In 1865, in conjunction with others, he founded Kłosy, an illustrated weekly, which in the next year became his exclusive property. Under Lewental's management and under the editorship of Adam Plug, Kłosy became the most widely circulated illustrated weekly in Poland, and contributed in no small measure to the popularizing of Polish art and to the development of Polish wood engraving. In 1871 Lewental bought the Kółko Domowe, a home magazine, and transformed it into the popular Tygodnik Romansów i Powieści (discontinued in 1900). Lewental was the proprietor also of the Świt, edited for a few years by Maria Konopnicka. In 1871, also, he issued an edition of the works of Korzeniowski (better-known in the English-speaking world as the father of Joseph Conrad), which proved so popular that it led later to similar editions of the works of Kraszewski, Kremer, Rzewuski, Skarbek, Fredro, Syrokomla, Eliza Orzeszkowa, Kaczkowski, Bałucki, etc.
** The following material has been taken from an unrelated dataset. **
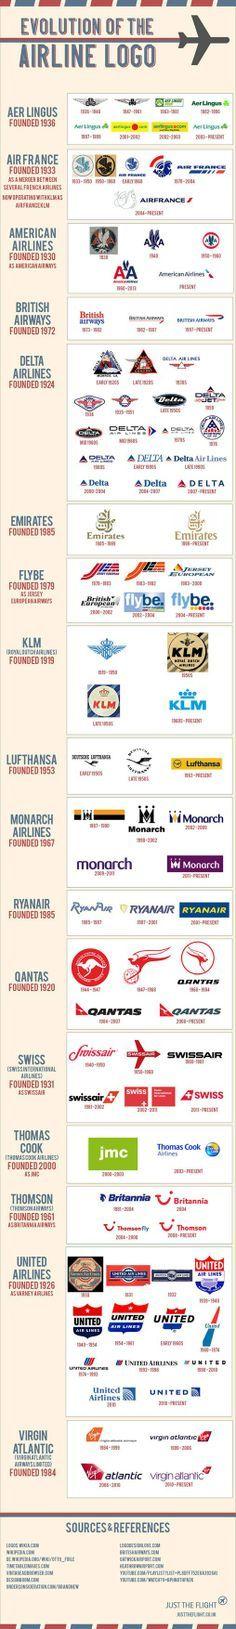 Evolution of the Airline Logo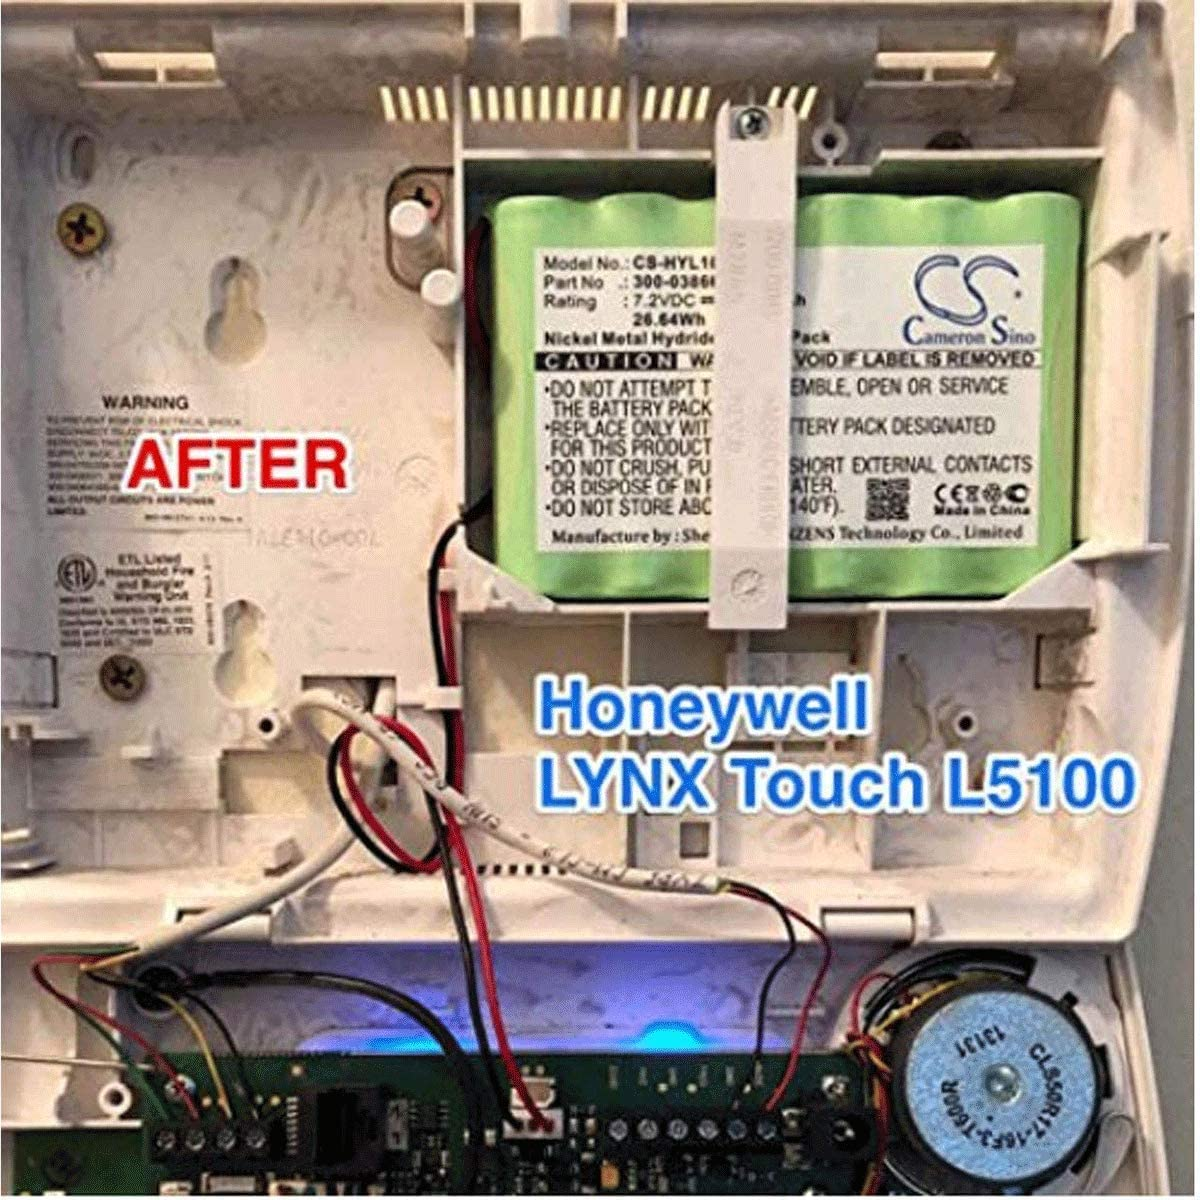 GLESOURCE 300-03864-1 1100mAh Backup Battery for ADT ADI Ademco Lynx WALYNX-RCHB-SC Honeywell Lynx Touch K5109 L5000 L5100 L3000

In 1874 Lewental commenced the publication of the best productions of European literature under the title "Biblioteka Najcelniejszych Utworow Literatury Europejskiej." They were edited with the greatest care by Piotr Chmielowski and, after him, by Stanisław Krzemiński. The John Matejko Album and many other well-known works were issued from his press. In 1887 Lewental became one of the proprietors of the Kurier Warszawski. Though he avoided politics he did not succeed in escaping a conflict with the Russian government; he was arrested in 1900, was compelled to discontinue all his publications, and was sentenced to deportation for three years to Odessa. After a year there he obtained a passport for foreign travel. Lewental enjoyed the friendship of many literati, among them being J. I. Kraszewski, for whose release from imprisonment at Magdeburg he offered to furnish the bail required by the Prussian government.